Provided material:
Start of Block

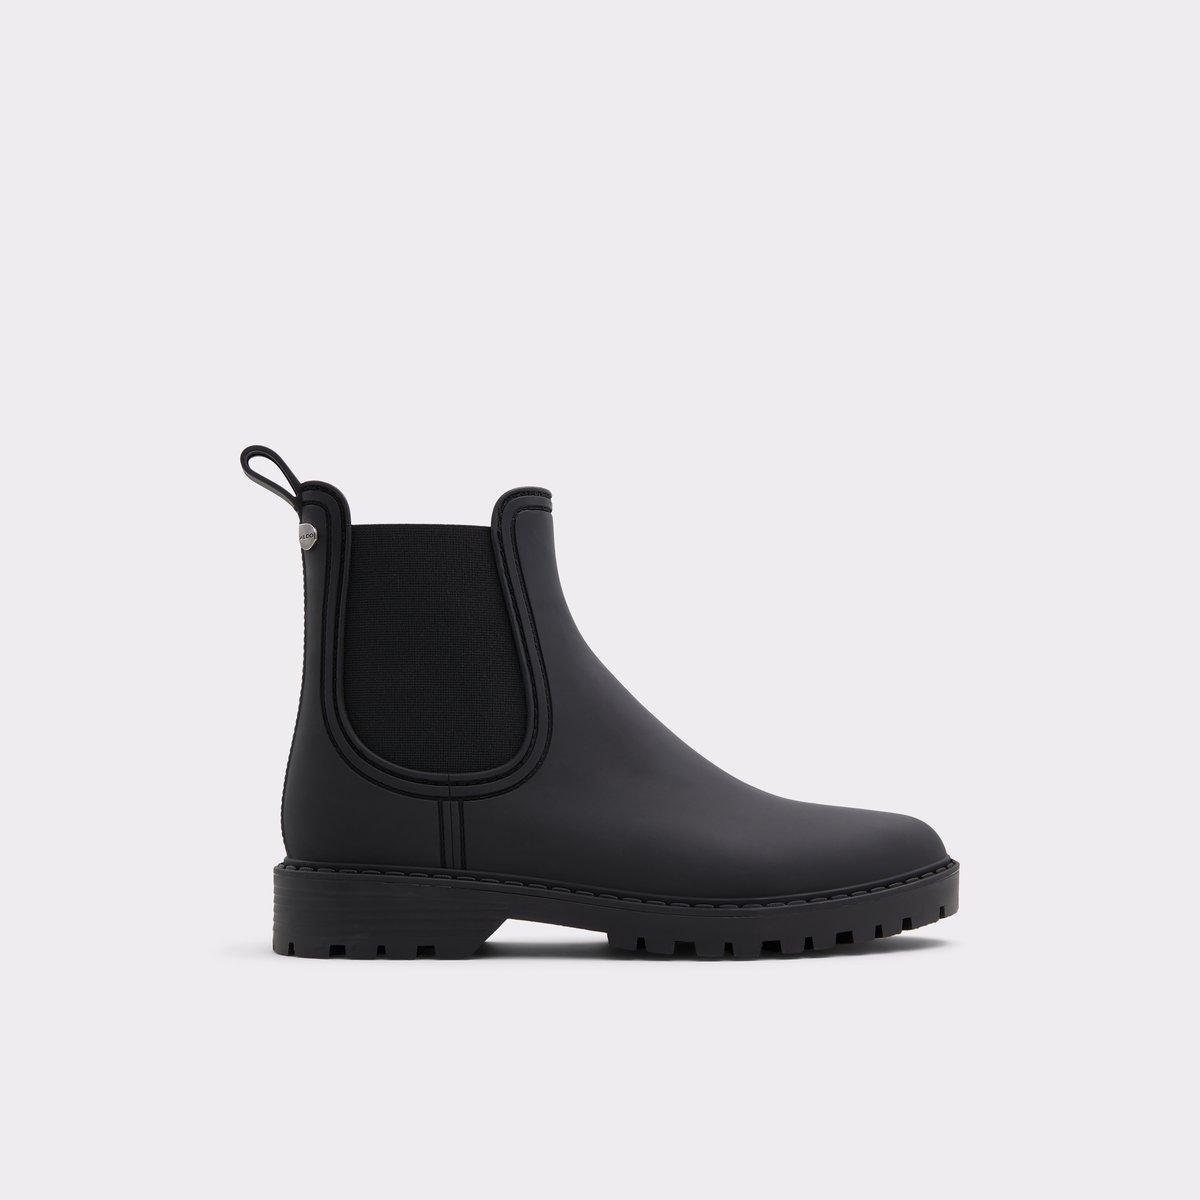 Storm Other Black Synthetic Rubber Women's Winter boots | ALDO Canada
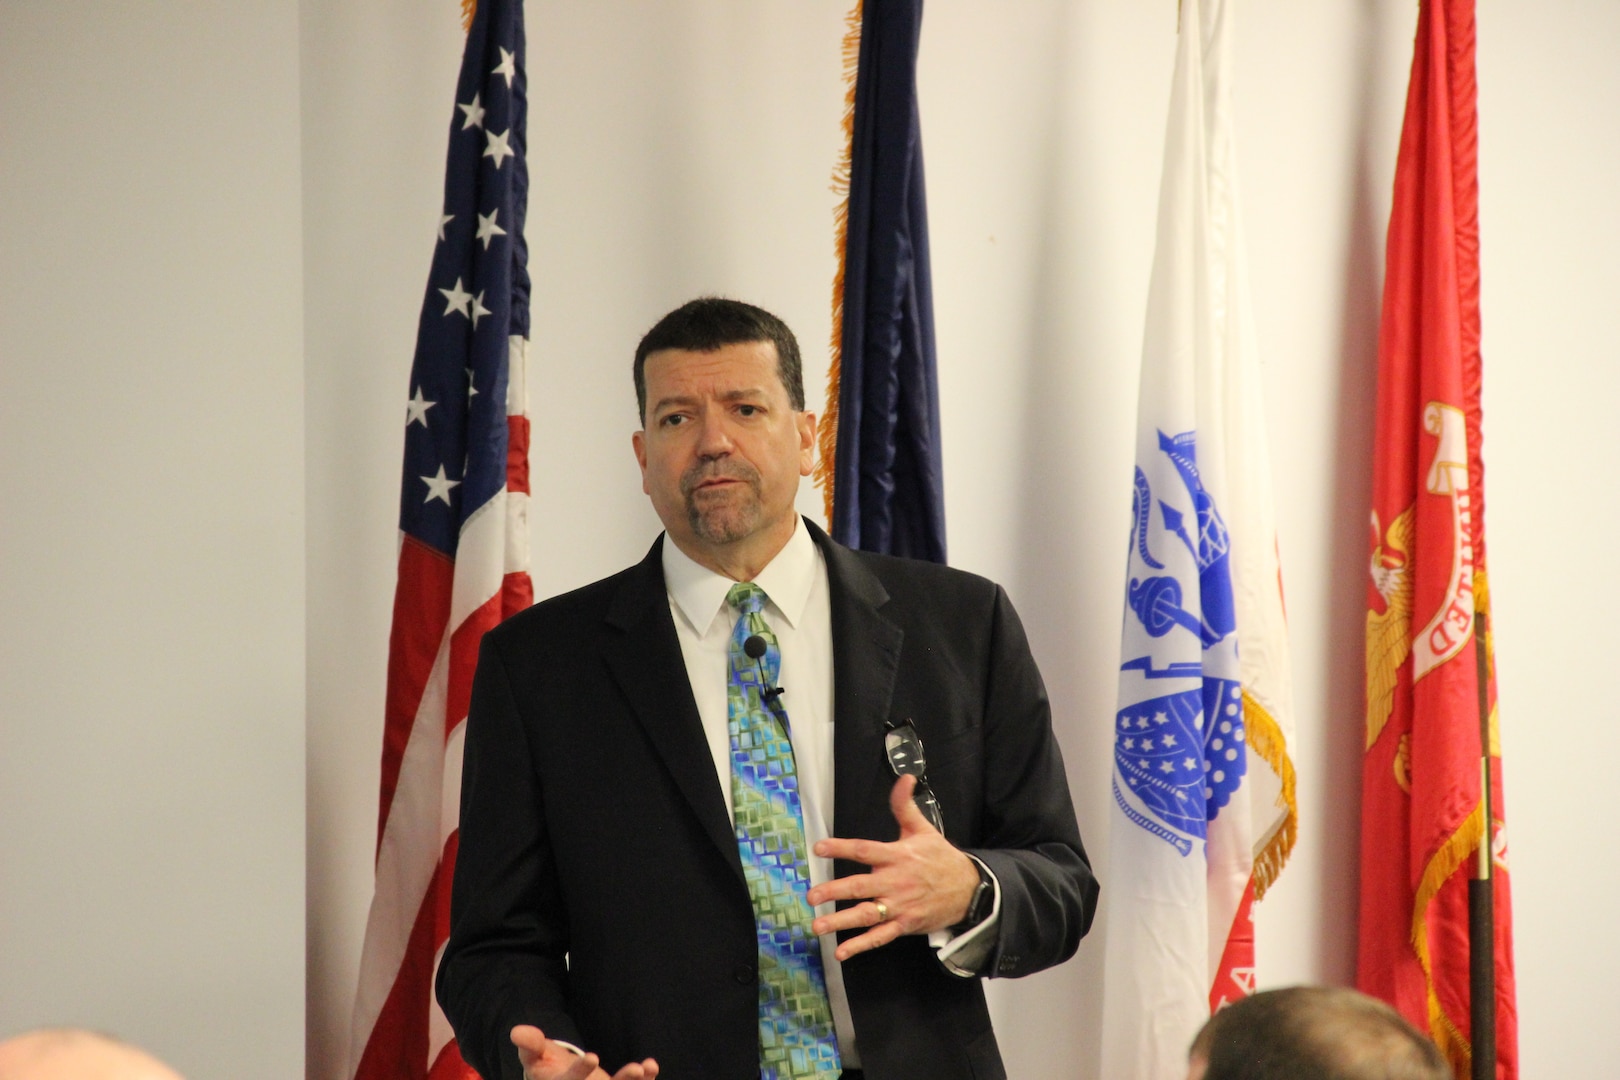 CRANE, Ind. - Mr. Jim Smerchansky, SES, Executive Director of NAVSEA speaks to Crane employees during an all-hands meeting at NSWC Crane.
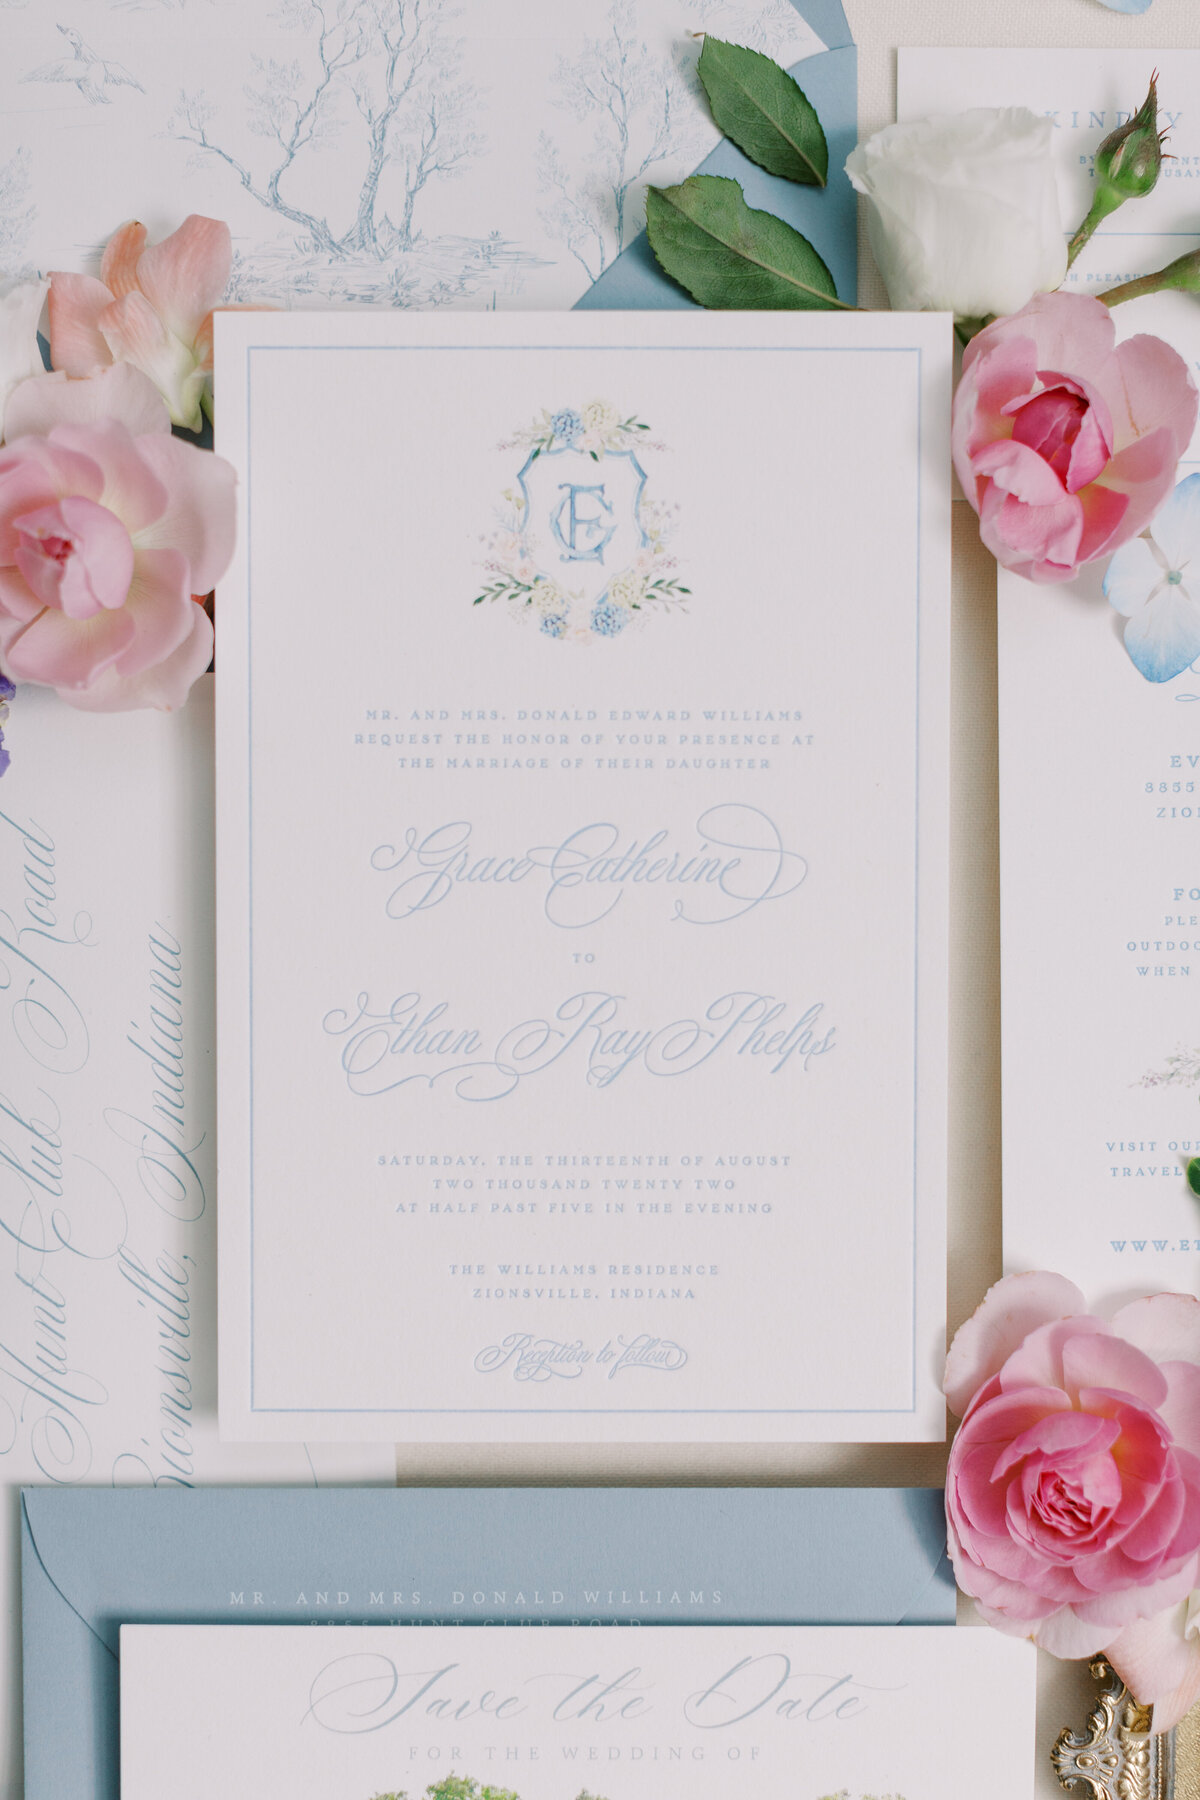 Beautiful blue themed wedding invitations with a wedding crest

End of Block

Description of the task: All the lines above must be written out exactly, without a single picture.

Solution to the exercise:
 Storm Other Black Synthetic Rubber Women's Winter boots | ALDO Canada
 CRANE, Ind. - Mr. Jim Smerchansky, SES, Executive Director of NAVSEA speaks to Crane employees during an all-hands meeting at NSWC Crane.
 Beautiful blue themed wedding invitations with a wedding crest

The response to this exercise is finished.